Referee: [Abstract and §3] Abstract and §3 (method): the central orthogonality claim is stated but no cosine-similarity values, layer-wise breakdowns, or explicit metrics are provided for the source-domain observation; more critically, no test confirms that the same near-orthogonality holds after the target-domain SFT step, which is required for the linear Skill Vector injection to remain non-destructive.

Authors: We agree that explicit quantitative support for the orthogonality claim is required. In the revised manuscript we will add cosine-similarity values between SFT and RL parameter updates together with layer-wise breakdowns for the source domain. We will also include a direct verification that near-orthogonality is preserved after target-domain SFT by reporting the cosine similarity between the extracted skill vector and the target SFT updates, thereby confirming that linear injection remains non-destructive. revision: yes
Referee: [§4] §4 (experiments): reported gains lack error bars, details on statistical significance, or ablations isolating the contribution of the orthogonality assumption versus other factors; without these, the cross-benchmark improvements cannot be confidently attributed to the proposed mechanism.

Authors: We accept that the experimental reporting needs greater statistical rigor and targeted ablations. The revision will add error bars from multiple random seeds, report p-values for statistical significance on the reported gains, and include ablations that replace the skill vector with random or zero vectors to isolate the contribution of the orthogonality-based transfer. These changes will allow clearer attribution of the observed improvements to the PaST mechanism. revision: yes

Circularity Check

0 steps flagged

No significant circularity; empirical method with independent source extraction

full rationale

The paper's core claim rests on an empirical observation that SFT and RL parameter updates are nearly orthogonal, used to extract a Skill Vector from a separate source-domain RL run and linearly inject it post-target SFT. No equations, derivations, or self-citations reduce this to a fitted quantity defined by the target data itself. The Skill Vector computation and evaluation occur on disjoint benchmarks (SQuAD, LooGLE, ToolBench), with no self-definitional loops, renamed known results, or load-bearing self-citations. The approach is self-contained via direct empirical validation rather than circular construction.

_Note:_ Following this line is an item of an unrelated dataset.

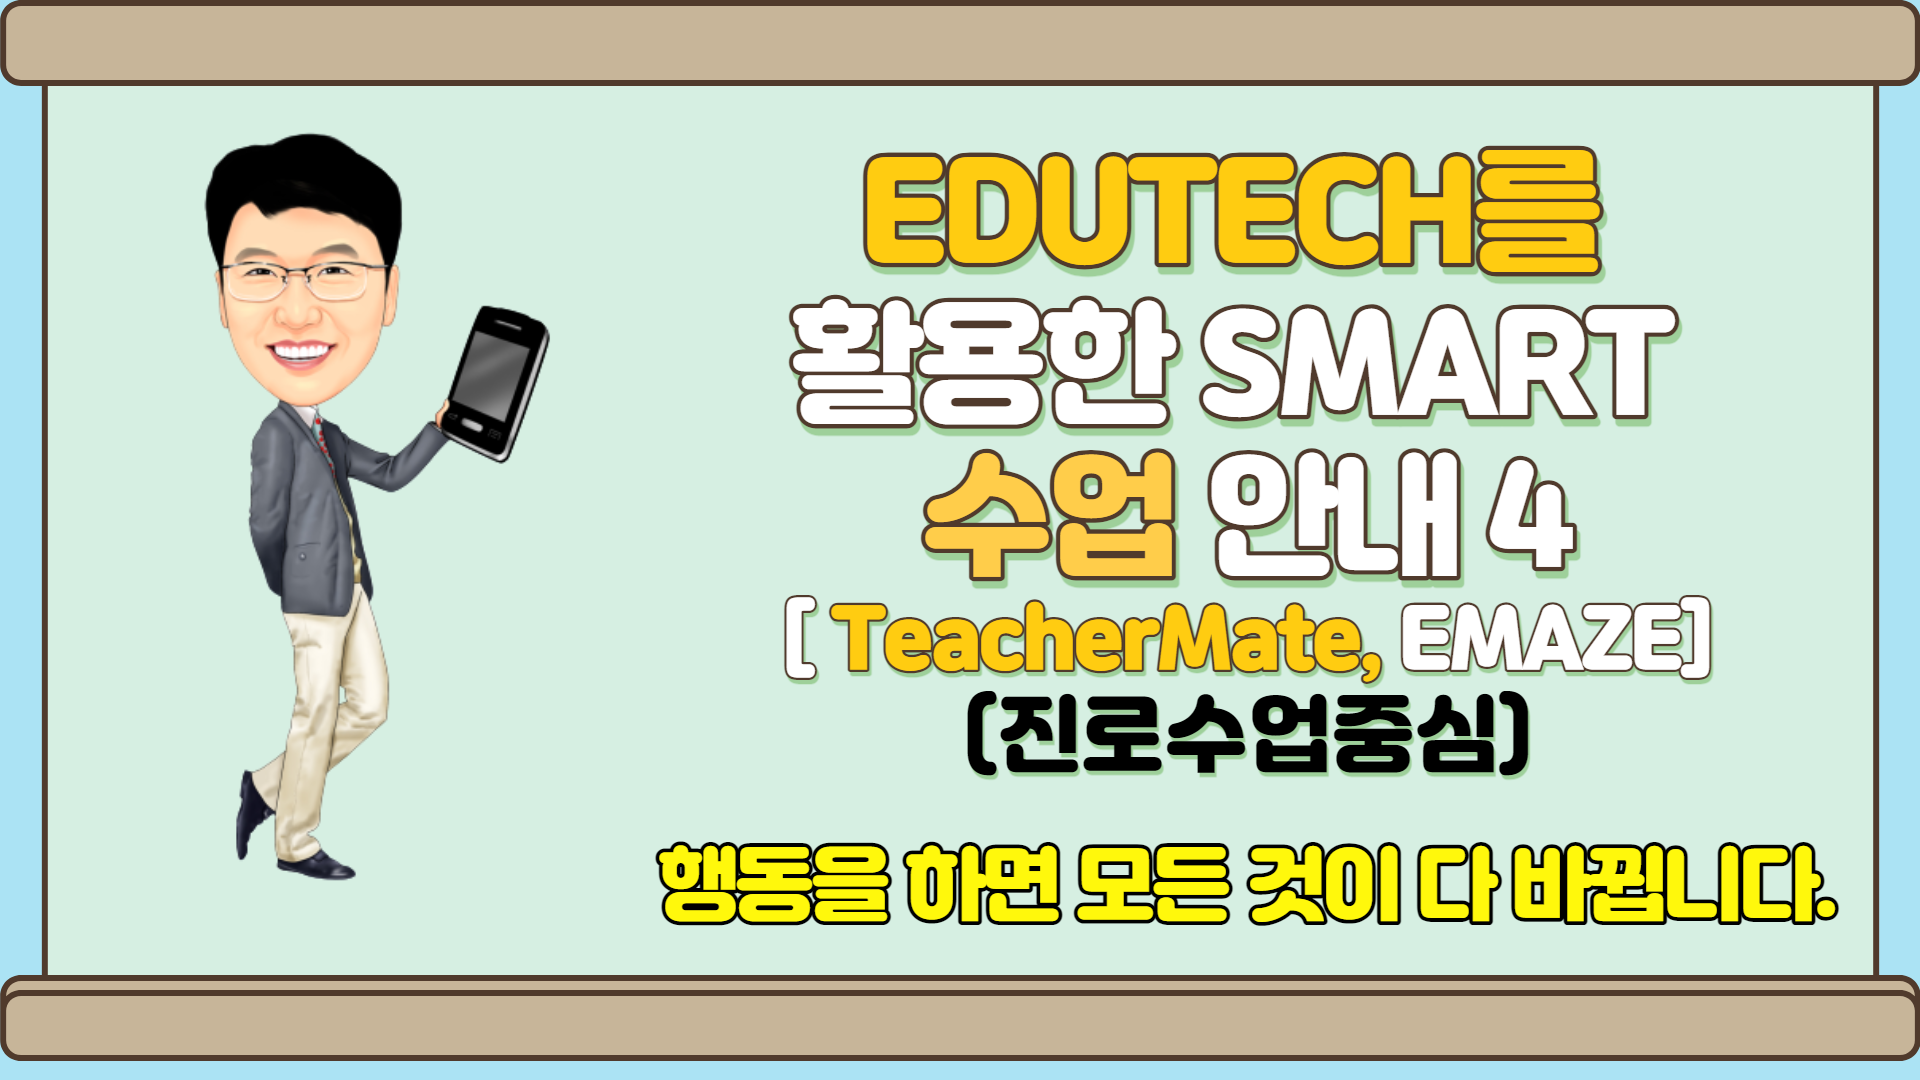 EDUTECH를 활용한 smart 수업 방법 안내 4(진로수업을 중심으로)(Teachermade,Emaze)

Axiom & Free-Parameter Ledger

0 free parameters · 1 axioms · 1 invented entities

The approach rests on one core domain assumption (orthogonality) and introduces one invented entity (the skill vector) with no independent falsifiable handle outside the reported experiments.

axioms (1)

domain assumption Parameter updates induced by SFT and RL are nearly orthogonal.
This empirical observation is invoked to justify linear injection without interference.

invented entities (1)

Skill Vector no independent evidence
purpose: Domain-agnostic representation of RL-derived knowledge manipulation skills for linear transfer.
Extracted from source-domain RL training and injected into target models; no external validation or predicted signature provided.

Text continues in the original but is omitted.